Dr Tripti Singh from Scion explains more about this project to Alison Balance in this RNZ audio: Bio-based timber preservatives.

Duration: 12:53

Radiata pine is widely used in timber framing and cladding for houses in New Zealand. Common timber preservatives used include copper, arsenic, chromium and boron, but there’s growing pressure to find more environmentally friendly alternatives. Tripti Singh from Scion has been investigating a range of possible bio-based alternatives.

Decay fungi

The main focus of the research is decay fungi that cause rot in timber. The goal is to come up with ways of treating the timber so that it doesn’t suffer the effects of rot. The two main drivers are consumer demand and regulatory demand for products that do not create an end-of-life disposal problem.

Bio-based compounds

Tripti works with natural compounds that are already being used in other industries, which include lavender oil, Mānuka and henna extracts, orange or lemon skins, chilli juice and horticultural and agricultural waste products like avocado skins.

Testing in the lab

Tripti tests the compounds against decay fungi in Petri dishes. If they show activity against the fungi, she treats small wood blocks with the compounds after the blocks have been kept at a certain humidity for 2 weeks. The blocks are leached (saturated with water) for 14 days and then exposed to fungi for 6 weeks. The blocks are weighed before and after to see if the fungi are eating the wood or not. She tests for three brown rot fungi that prefer cellulose and one white rot fungus that prefers lignin. Radiata pine has both cellulose and lignin.

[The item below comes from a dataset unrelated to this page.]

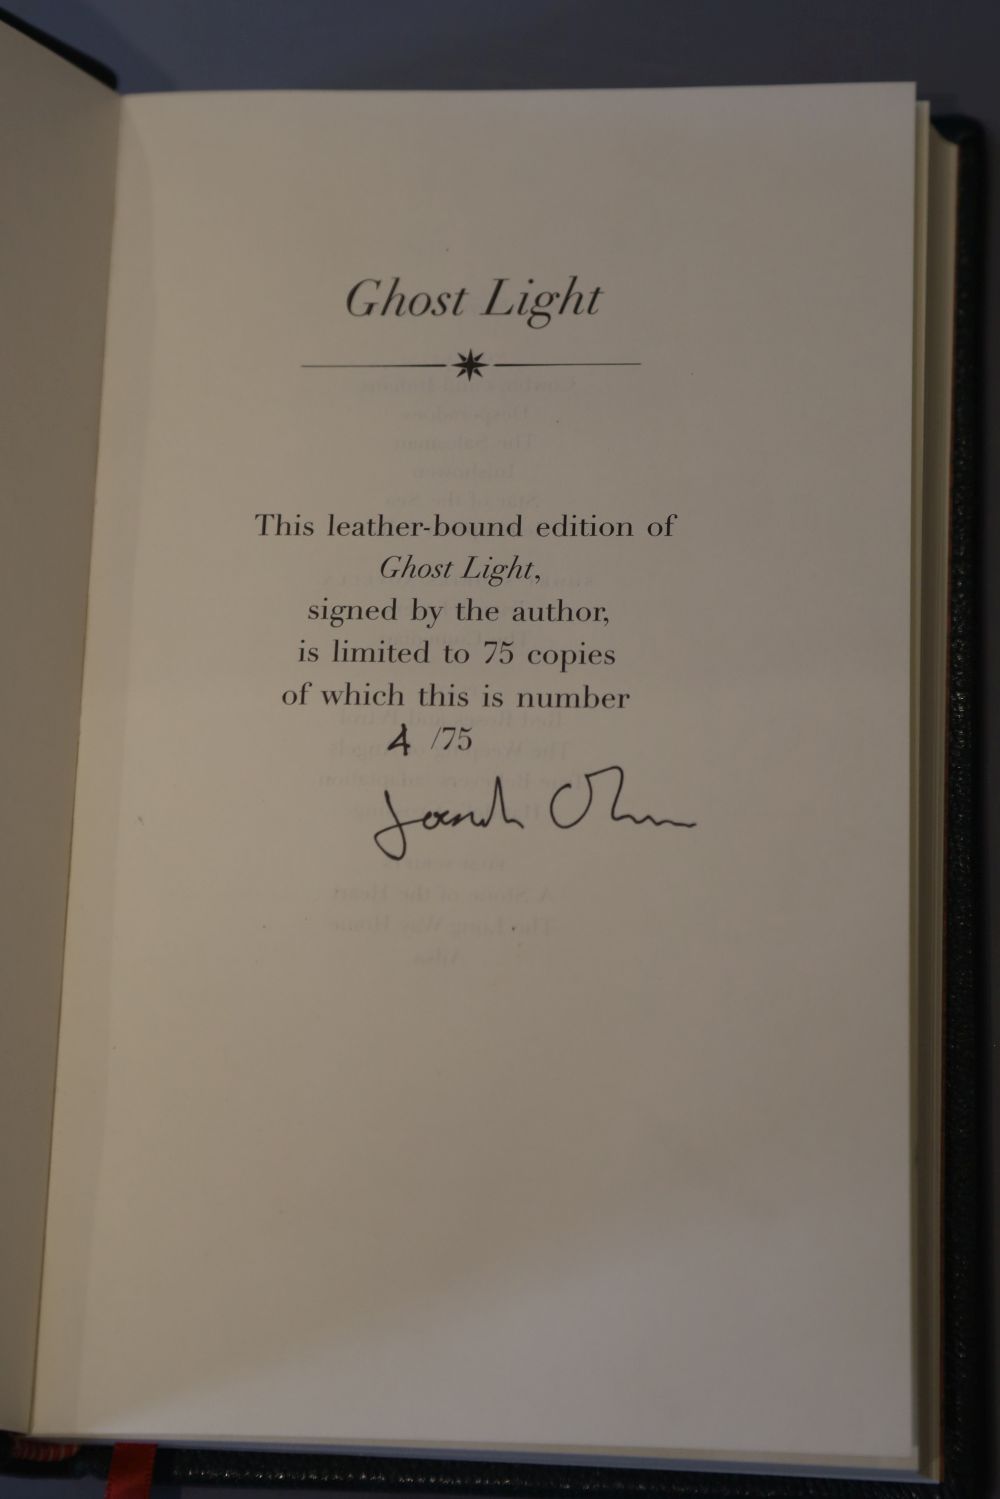 OConnor, Joseph - Ghost Light, one of 75, signed by the author, 8vo, green decorated leather boards, with slip case, Harvill Secker, L
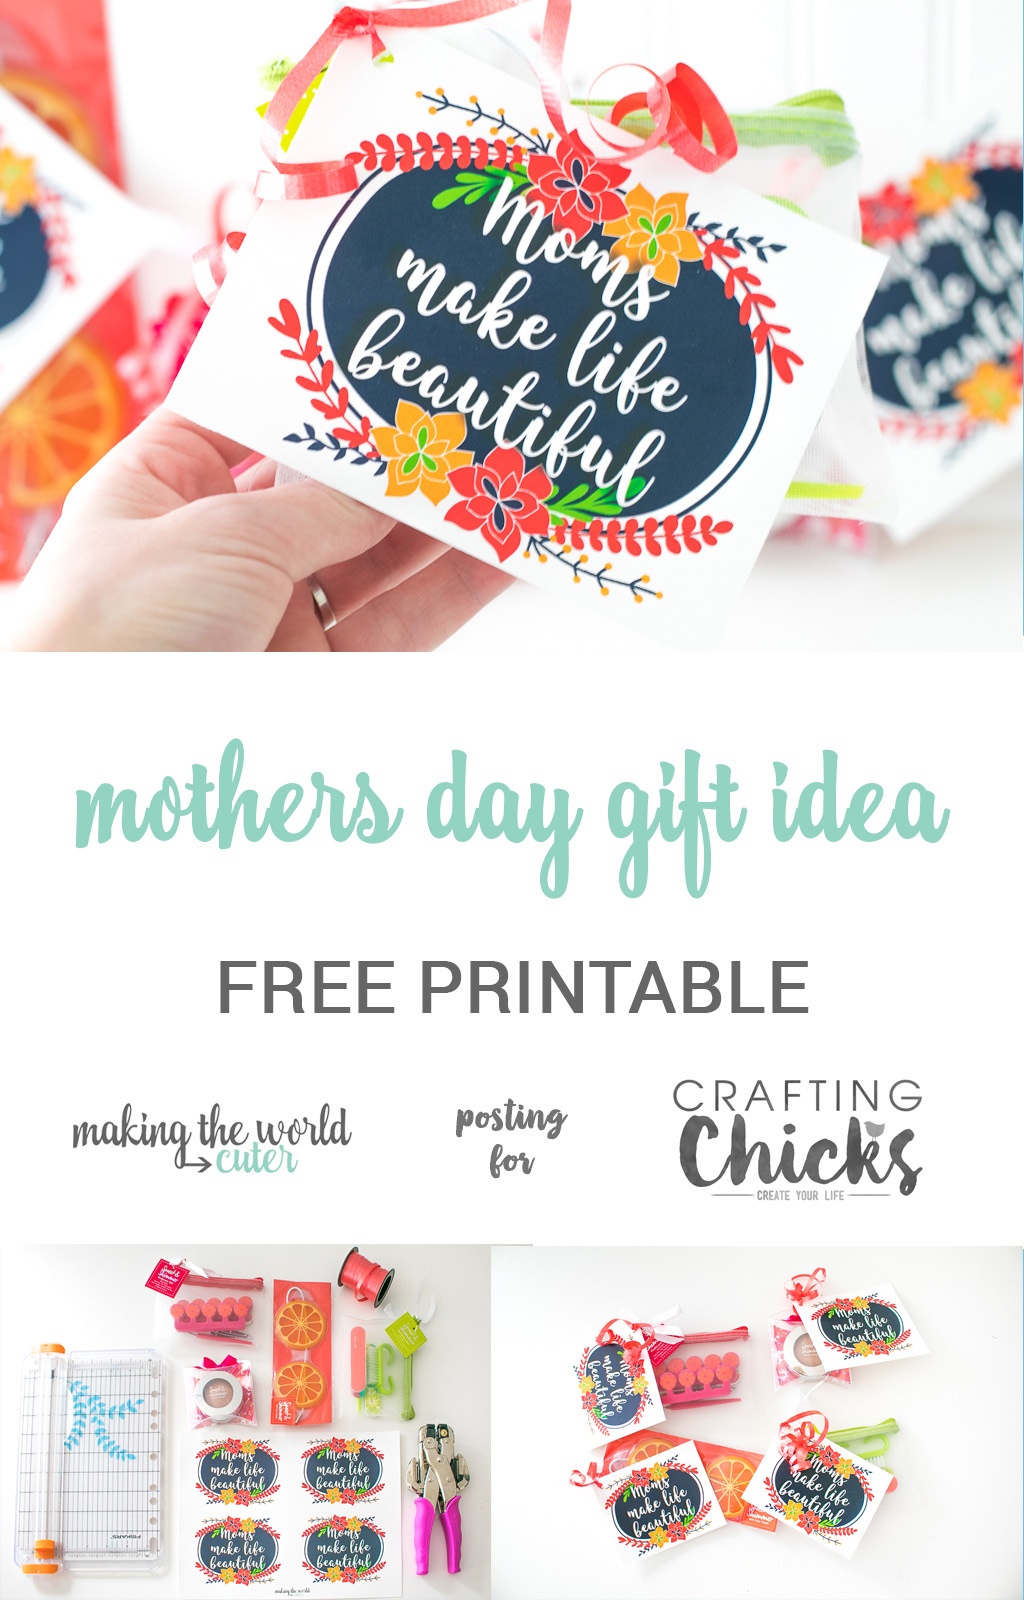 Mothers Day Gift Idea For Friends With Free Printable - Free Printable Mothers Day Gifts

The biggest challenge is fixing the compounds in the wood so that it doesn’t leach out when saturated.

Field testing

Tripti says they have already tested 100 compounds, and three have shown pretty good activity on pieces of timber. The next step is to test the compounds in field sites. Scion has four sites that have different rainfall, UV and soil conditions. It will require 2–3 years of field data to confirm the lab results. She hopes to have a bio-based product on the market within 2–3 years.